*Information supplied:*
______________________________
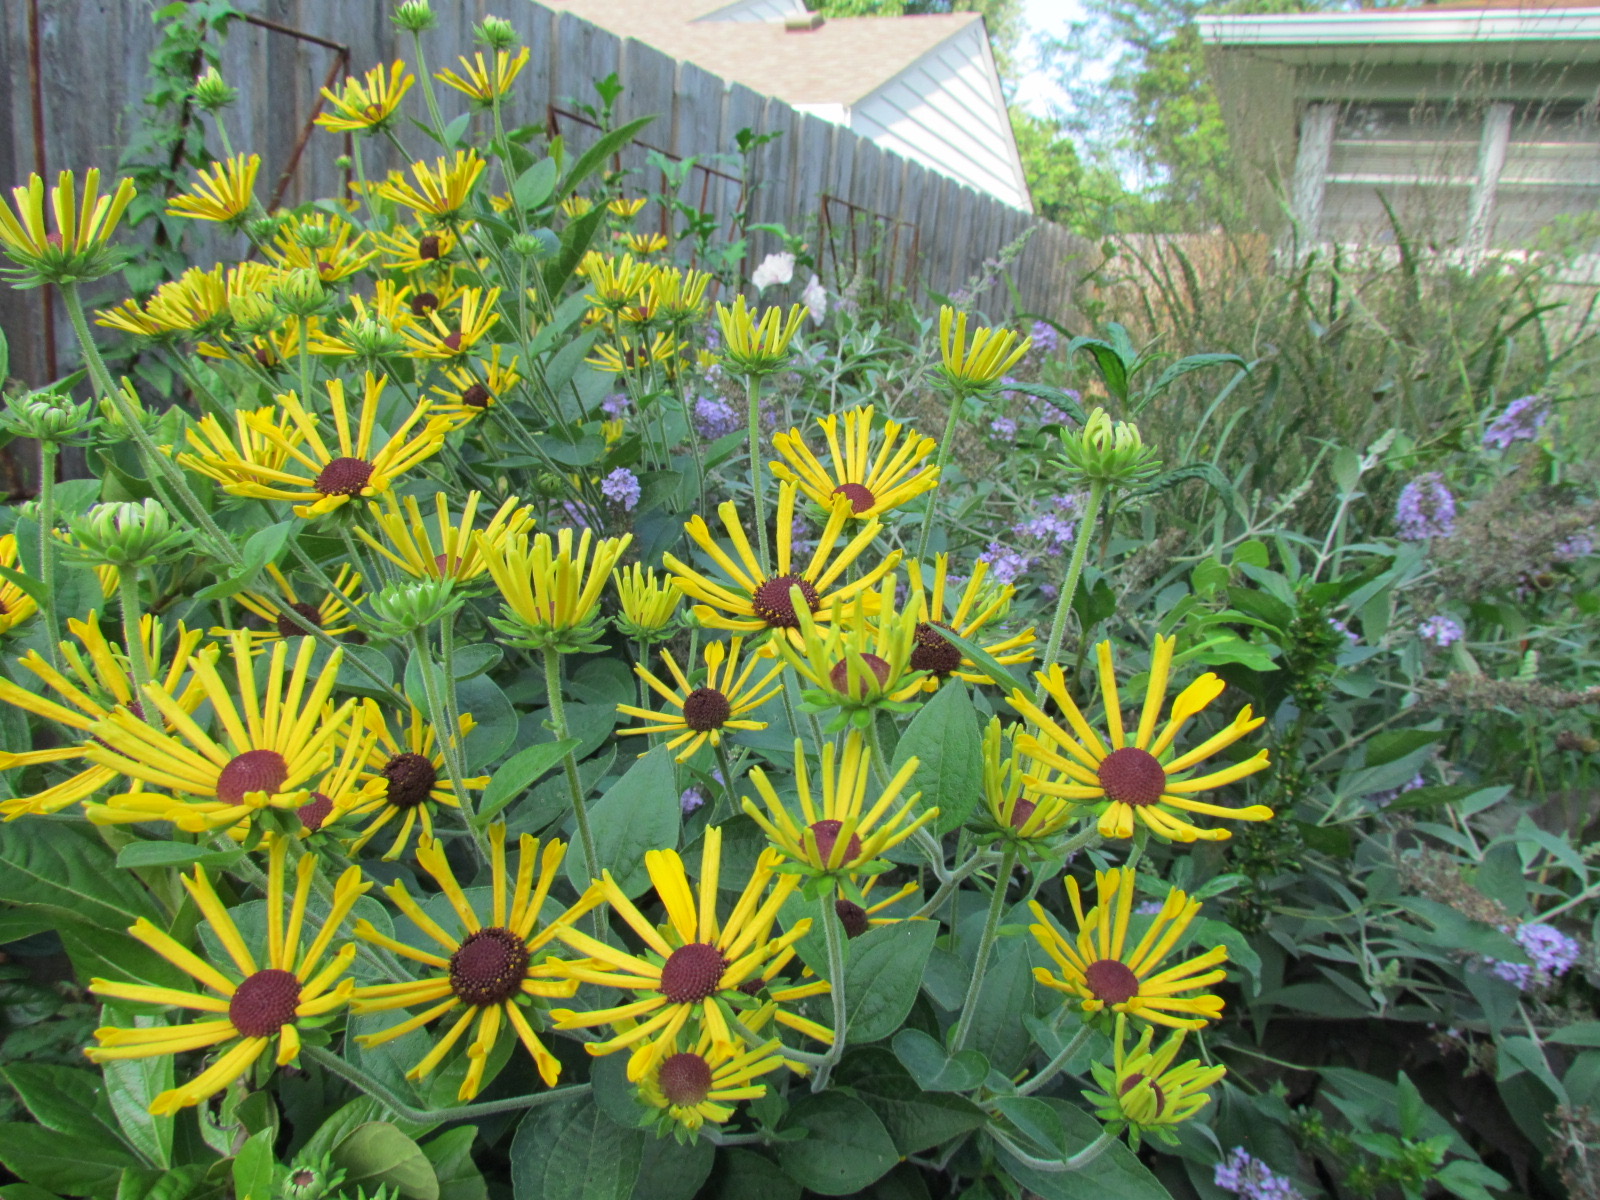 Little Henry rudbeckia has quilled petals.
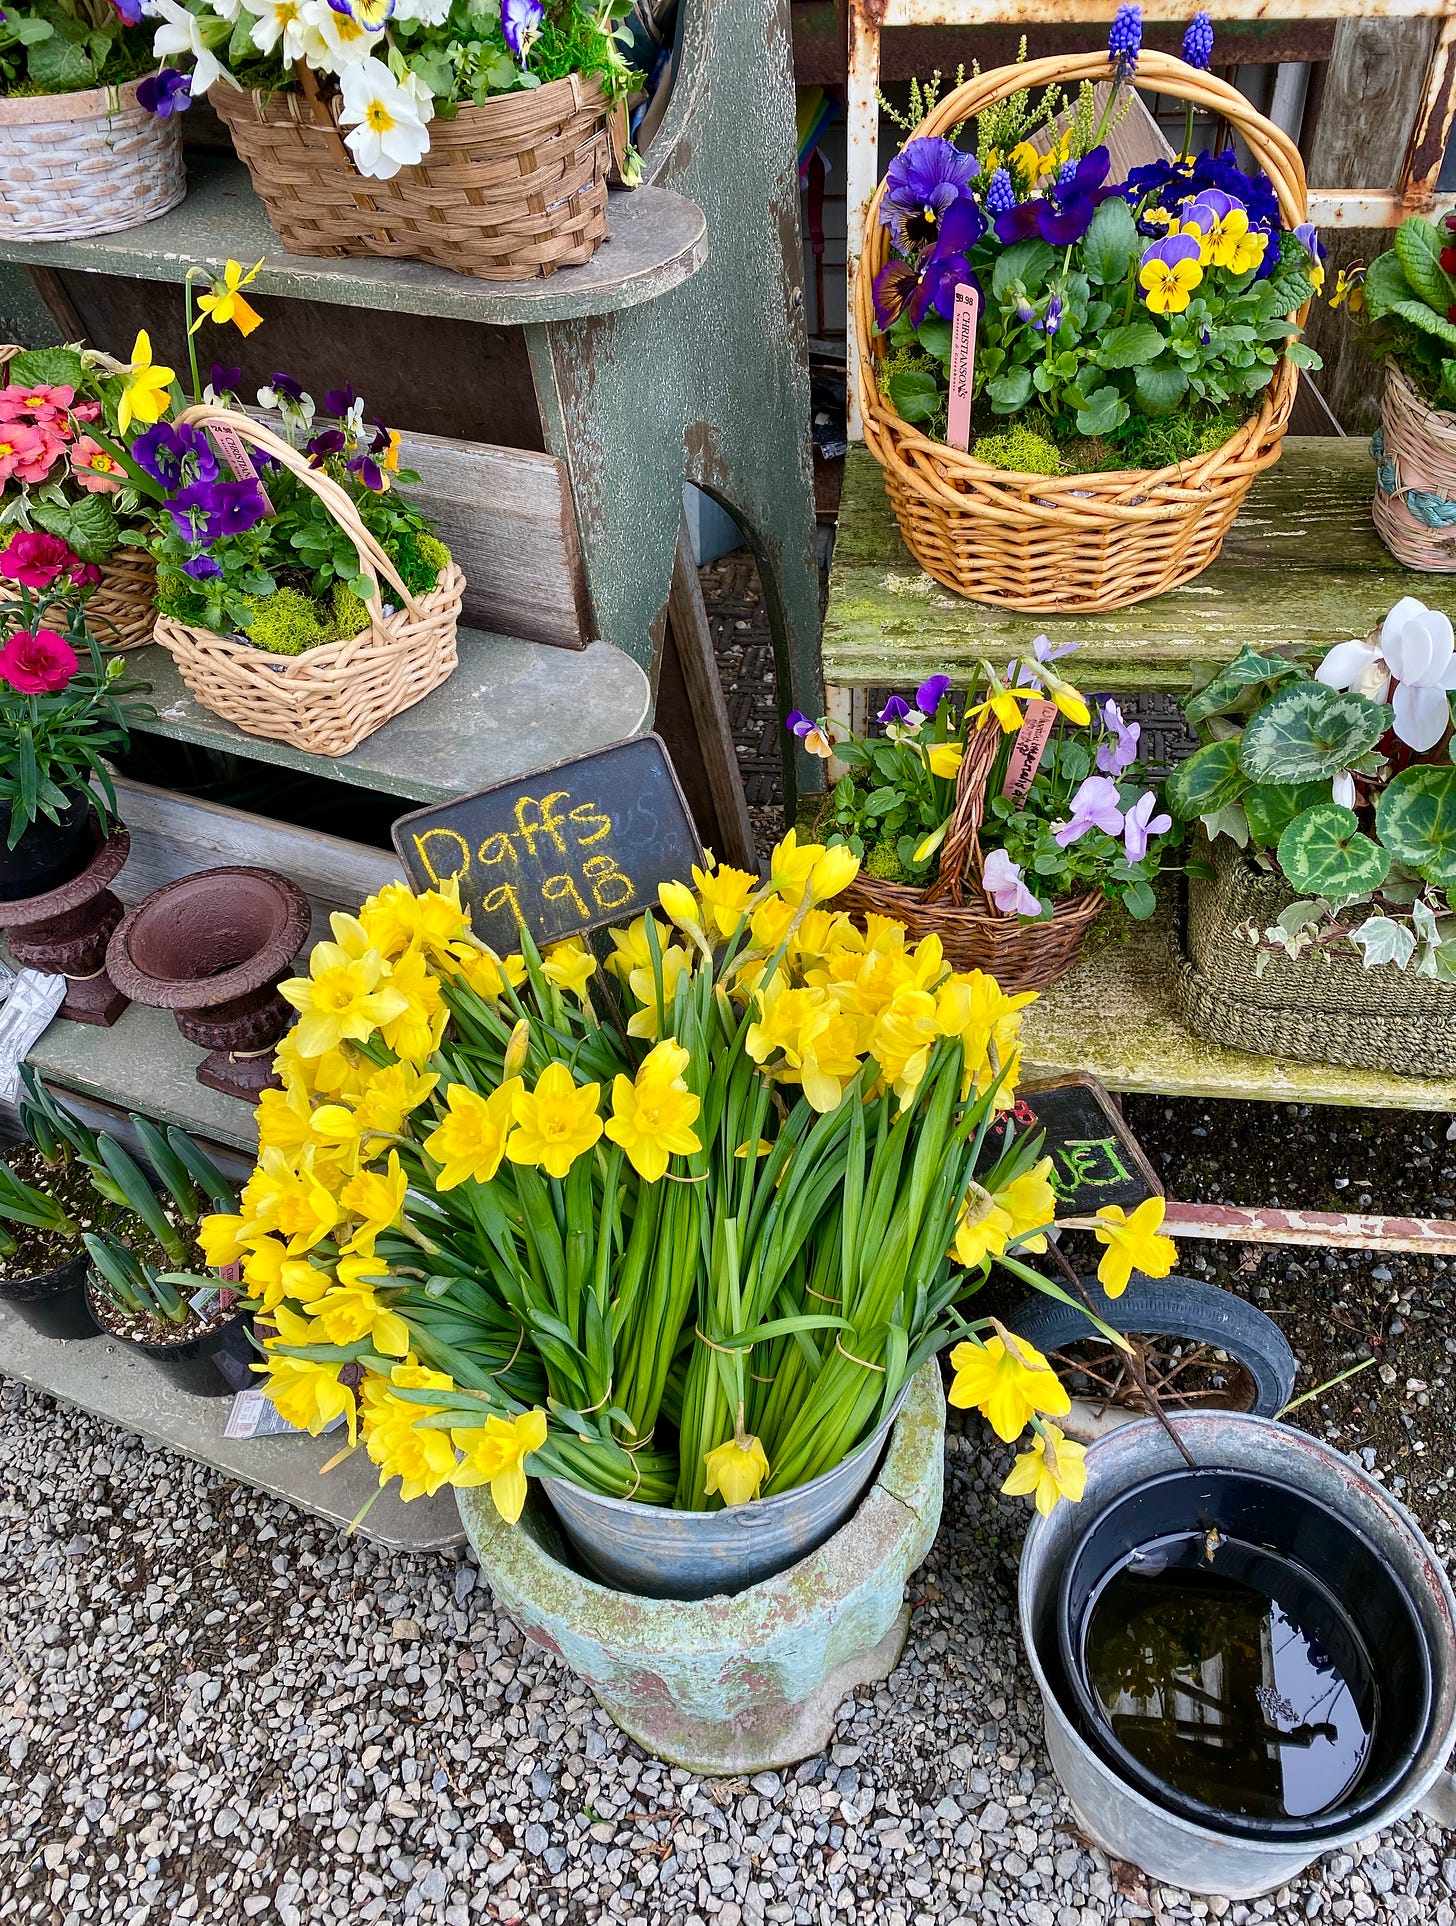 Daffs and spring flowers
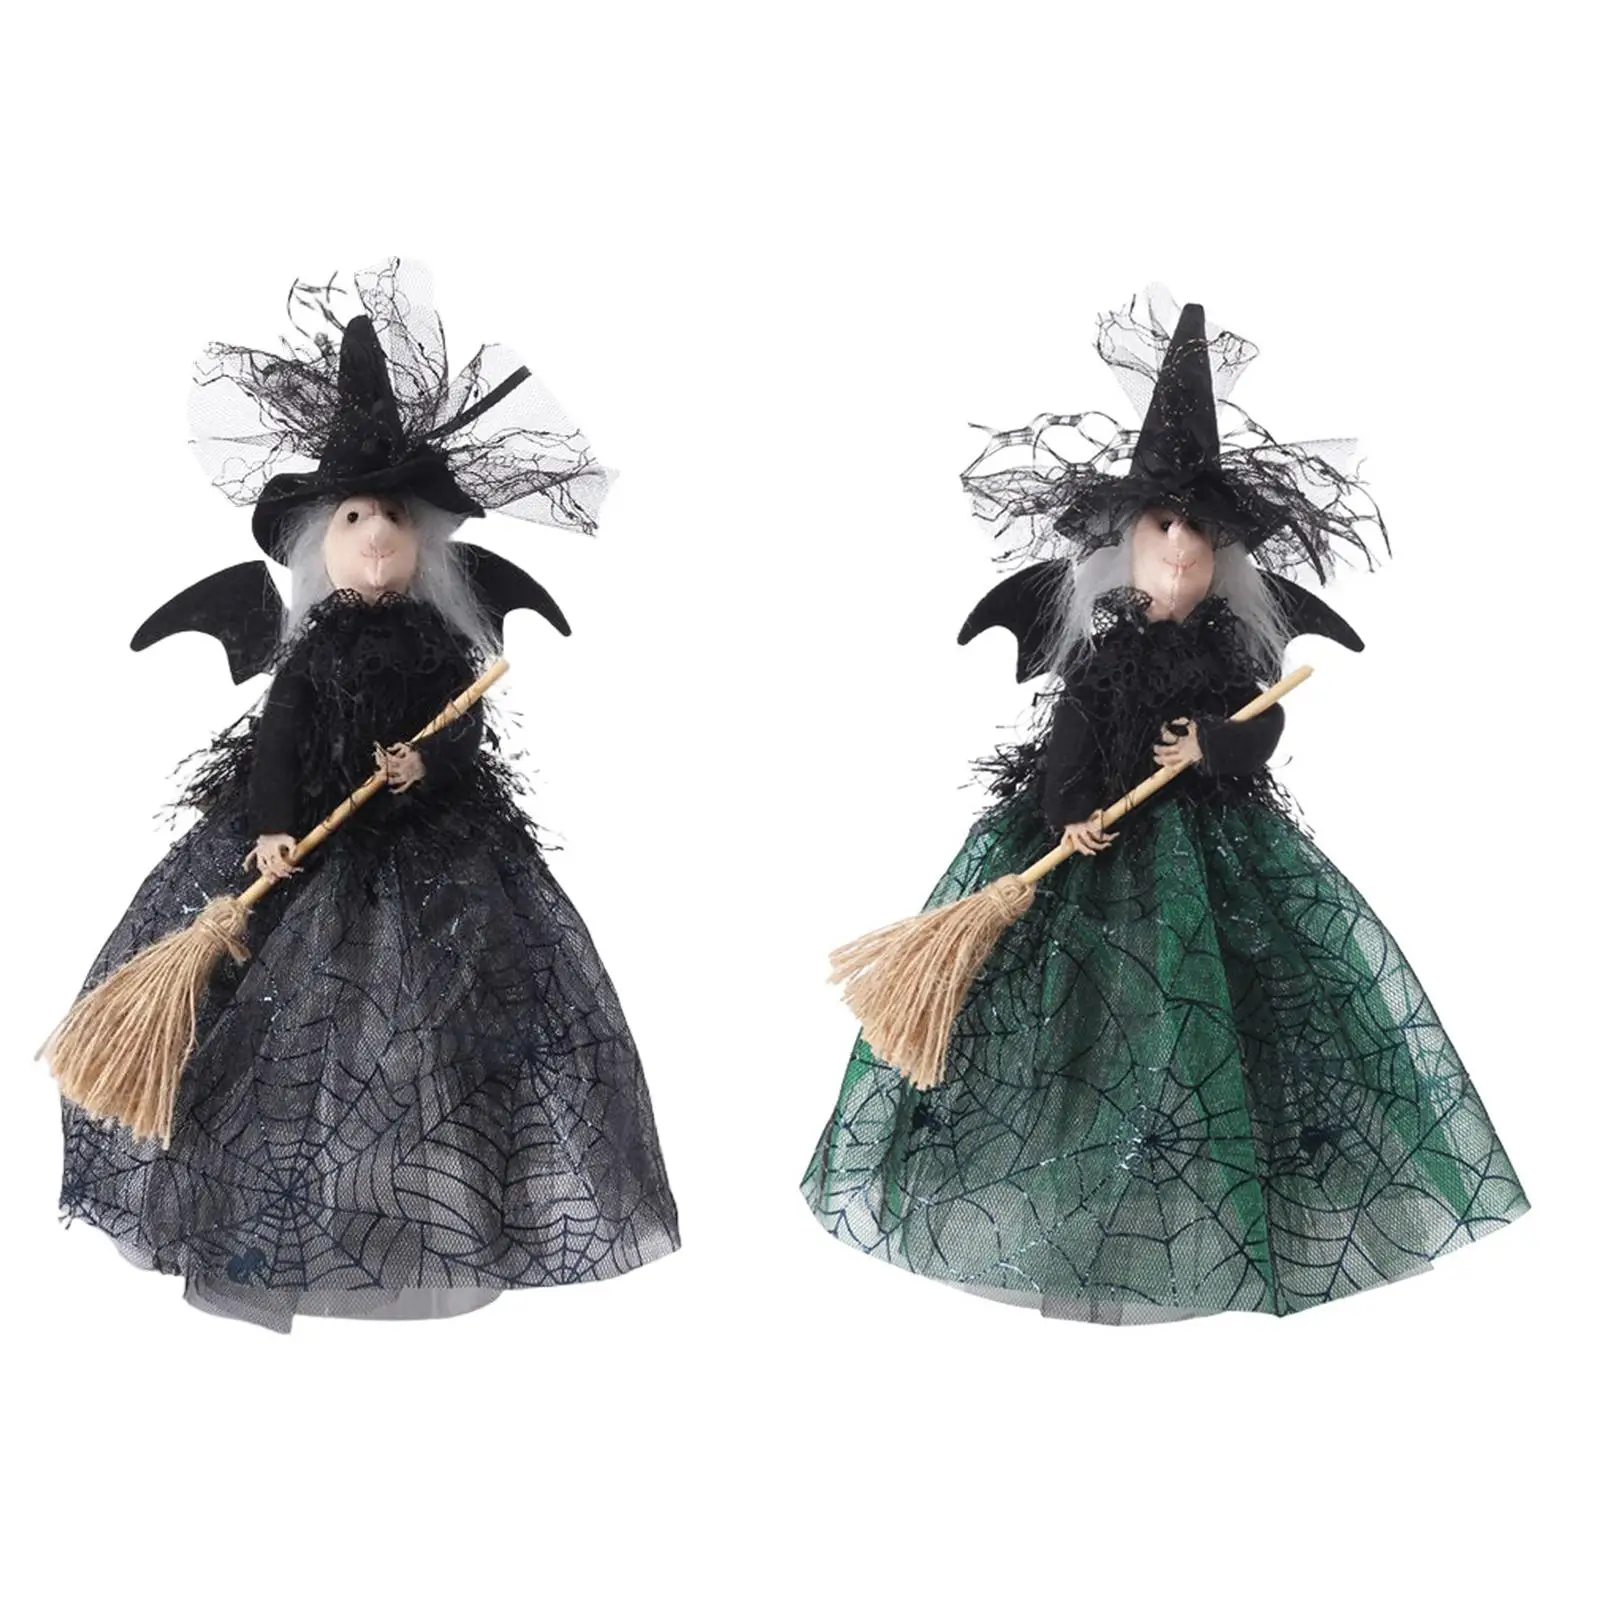 Cute Witch Collectible Dolls Photo Props Witch Figurines for Halloween Party Office
______________________________
*Work task:* Reproduce every line above word for word; no images.

*Answer for this exercise:*
 Little Henry rudbeckia has quilled petals.
 Daffs and spring flowers
 Cute Witch Collectible Dolls Photo Props Witch Figurines for Halloween Party Office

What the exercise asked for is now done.